BOR di Palembang Tertinggi Selama Pandemi, Ledakan Kasus Covid-19 Mengintai

Merdeka.com – Tingkat keterisian tempat tidur atau Bad Occupancy Ratio (BOR) di Palembang mencapai angka tertinggi selama pandemi Covid-19 di angka 76 persen. Ledakan kasus virus corona terus mengintai dan diperlukan kesiapan tenaga medis.

Pelaksana Tugas Kepala Dinas Kesehatan Palembang Fauziah mengungkapkan, terdapat 18 rumah sakit rujukan yang melayani pasien Covid-19 kategori sedang dan berat. Tempat tidur yang disiapkan sebanyak 1.075 dan sudah terisi 76 persen.

“BOR sudah di atas 70 persen artinya sudah mengkhawatirkan,” ungkap Fauziah, Rabu (7/7).

Jika BOR terus meningkat, kata dia, tidak menutup kemungkinan setiap rumah sakit menambah tempat tidur bagi pasien corona. Apalagi saat ini kasus harian Covid-19 di Sumsel semakin tinggi, di atas 200 kasus per hari bahkan kemarin mencapai rekor tertinggi di angka 255 kasus.
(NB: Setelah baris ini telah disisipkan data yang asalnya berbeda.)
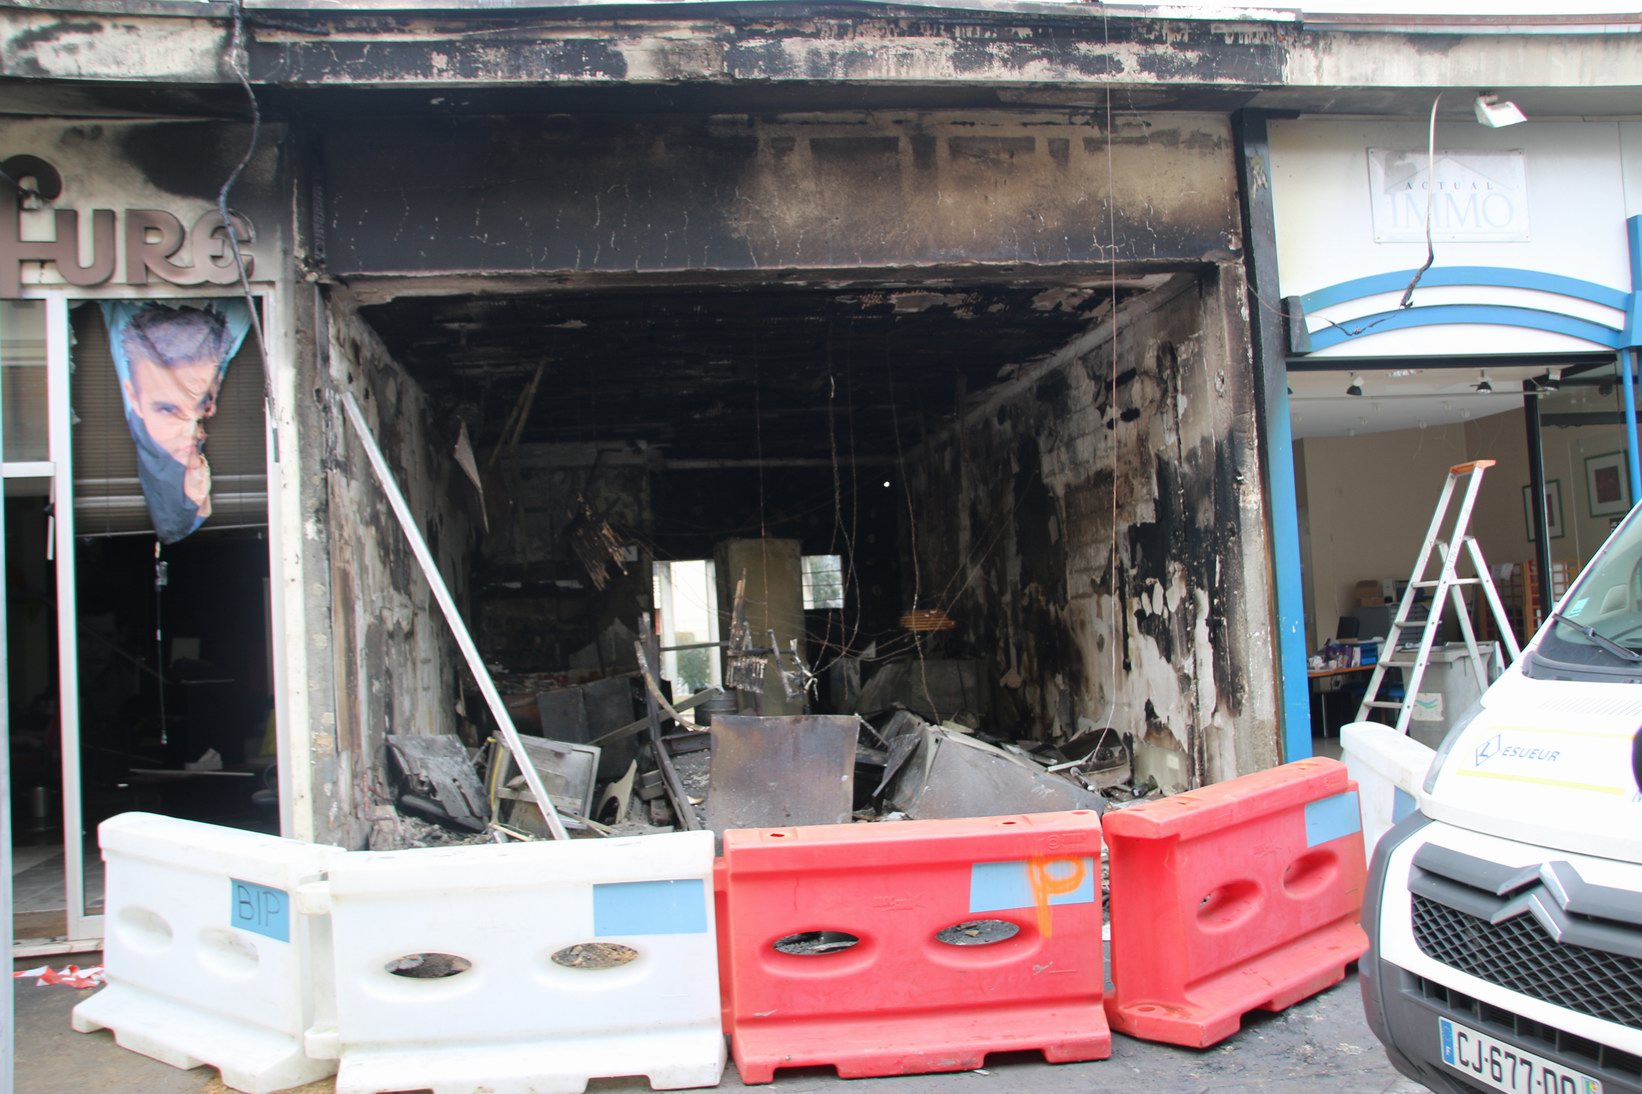 Le kebab a été entièrement soufflé par l'explosion suivie par un incendie (Photo Céline Jégu)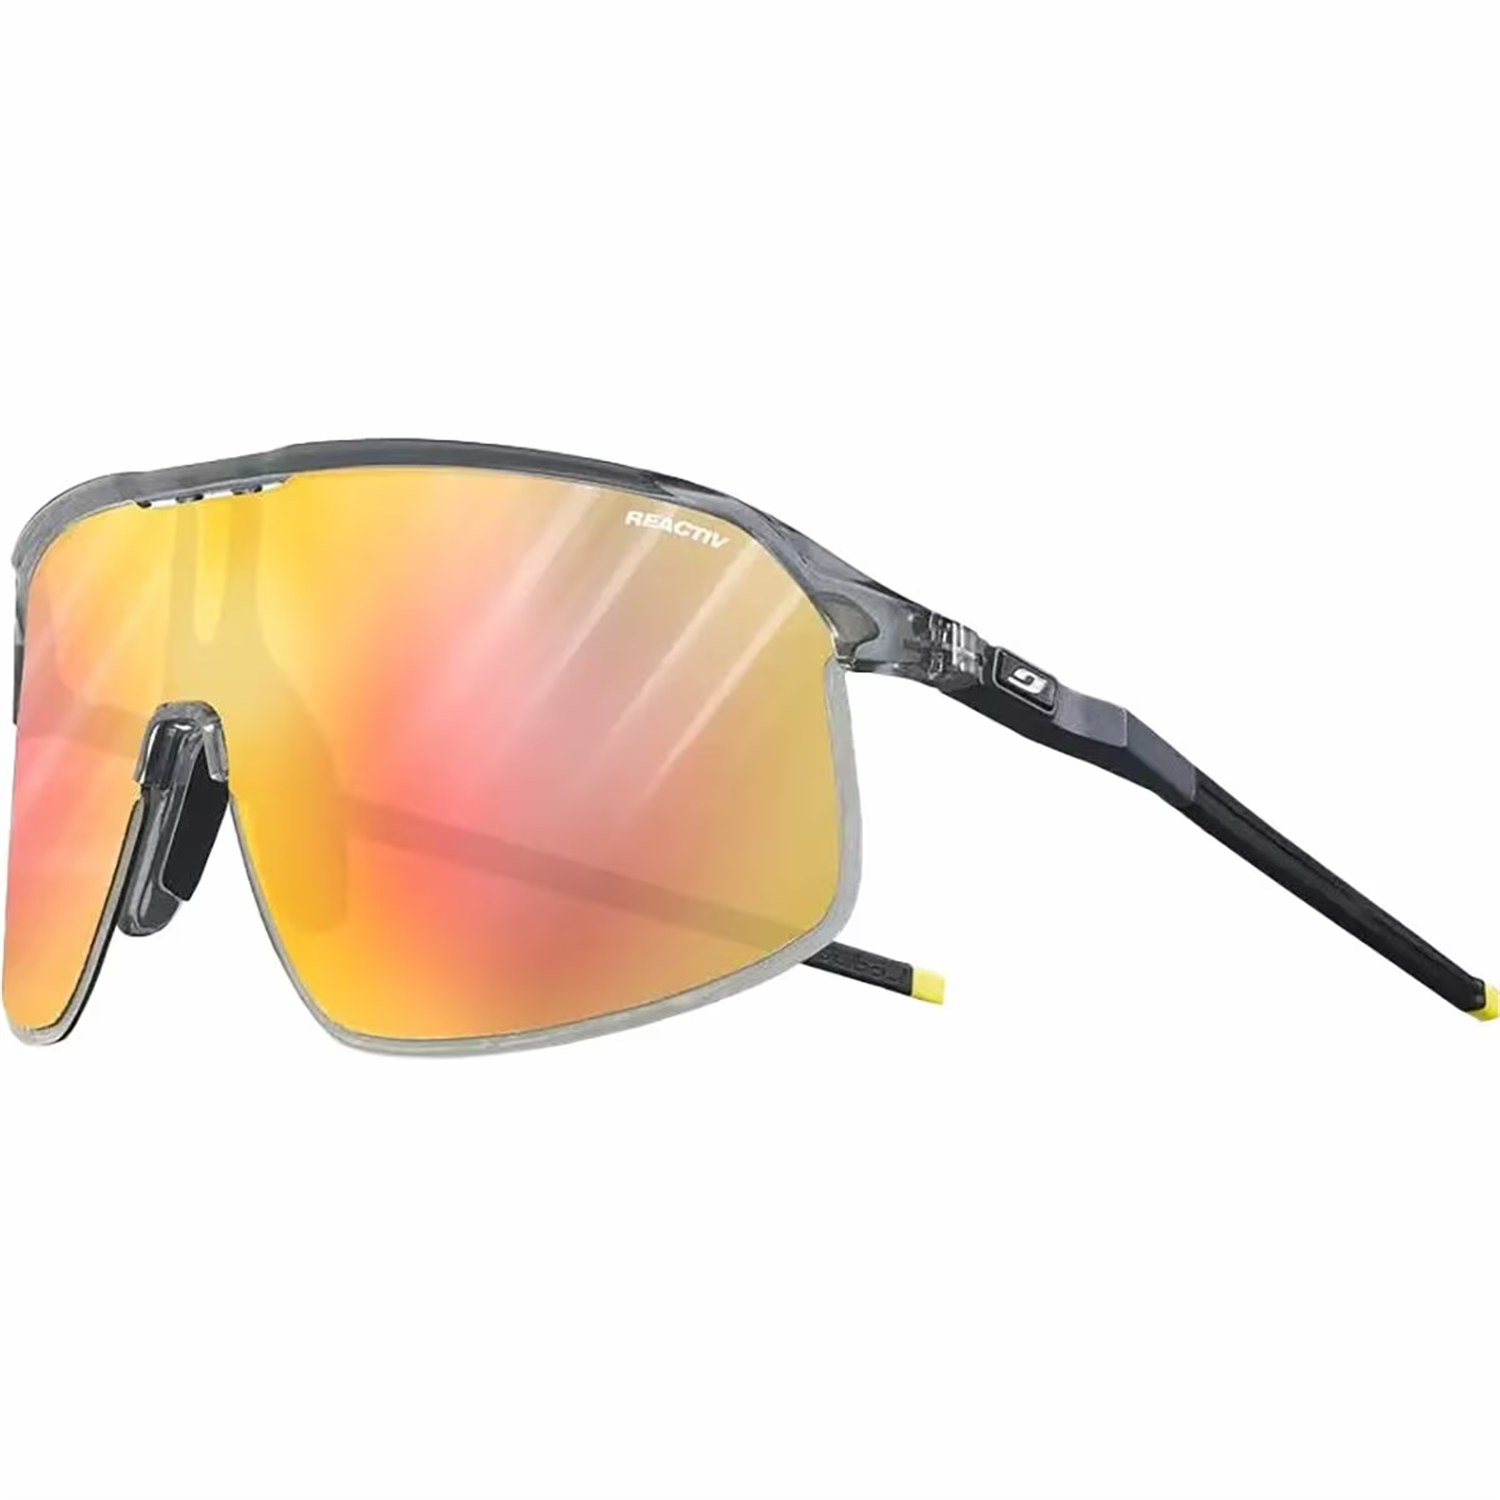 Солнцезащитные очки Julbo Density, цвет Translucent Gray/Blue REACTIV 1-3 Light Amlpifier мотоциклисты оснащены очками для пересеченной местности ветрозащитные очки защитные очки лыжные очки цветные очки

“Perlu segera ditangani agar tidak terjadi lonjakan kasus yang signifikan,” kata dia.

Sementara itu, epidemiolog Universitas Sriwijaya Palembang Iche Andriyani Liberty mengaku sangat mengkhawatirkan penyebaran virus corona di Palembang dan Sumsel pada umumnya. Kekhawatiran tidak hanya mengenai kekurangan tempat tidur, melainkan kemungkinan tenaga kesehatan kewalahan menghadapi banyaknya pasien yang dirawat.

“Menambah BOR atau tempat tidur sangat mudah dilakukan. Tapi bagaimana jika lonjakan kasus meningkat, apakah tenaga dokter, perawat, dan tempat tidur ICU di Sumsel siap. Ini yang harus menjadi perhatian,” ujarnya.

Menurut dia, ketersediaan tempat tidur dan kesiapan tenaga medis harus seimbang. Hal ini untuk mencegah terjadinya penolakan pasien Covid-19 oleh rumah sakit yang berdampak semakin buruk.

“Secara kuantitas tempat tidur ICU kita akan kewalahan, di atas 70 persen saja sudah berbahaya. Takutnya saat pasien datang dalam keadaan berat, rumah sakit tidak siap dan pasien datang mengantre seperti di Jawa,” kata dia.

Dia menilai kasus Covid-19 di Sumsel bakal terus meningkat dengan berbagai indikasi yang mulai terlihat. Seperti bertambahnya dua daerah zona merah, Lahat dan Musi Banyuasin, yang menambah daftar status zona merah menjadi empat daerah.

Ledakan kasus Covid-19 di Sumsel perlu diantisipasi sejak dini terutama di kabupaten dan kota di luar Palembang. Sebab, banyak kasus konfirmasi positif di daerah tidak dilanjutkan dengan proses tracing sehingga menyebabkan penularan yang tak terkendali.

“Palembang banyak kasus karena dekat dengan faskes, tracing dilakukan. Daerah lain jangan sampai diam, ini bisa menjadi fenomena gunung es,” kata dia.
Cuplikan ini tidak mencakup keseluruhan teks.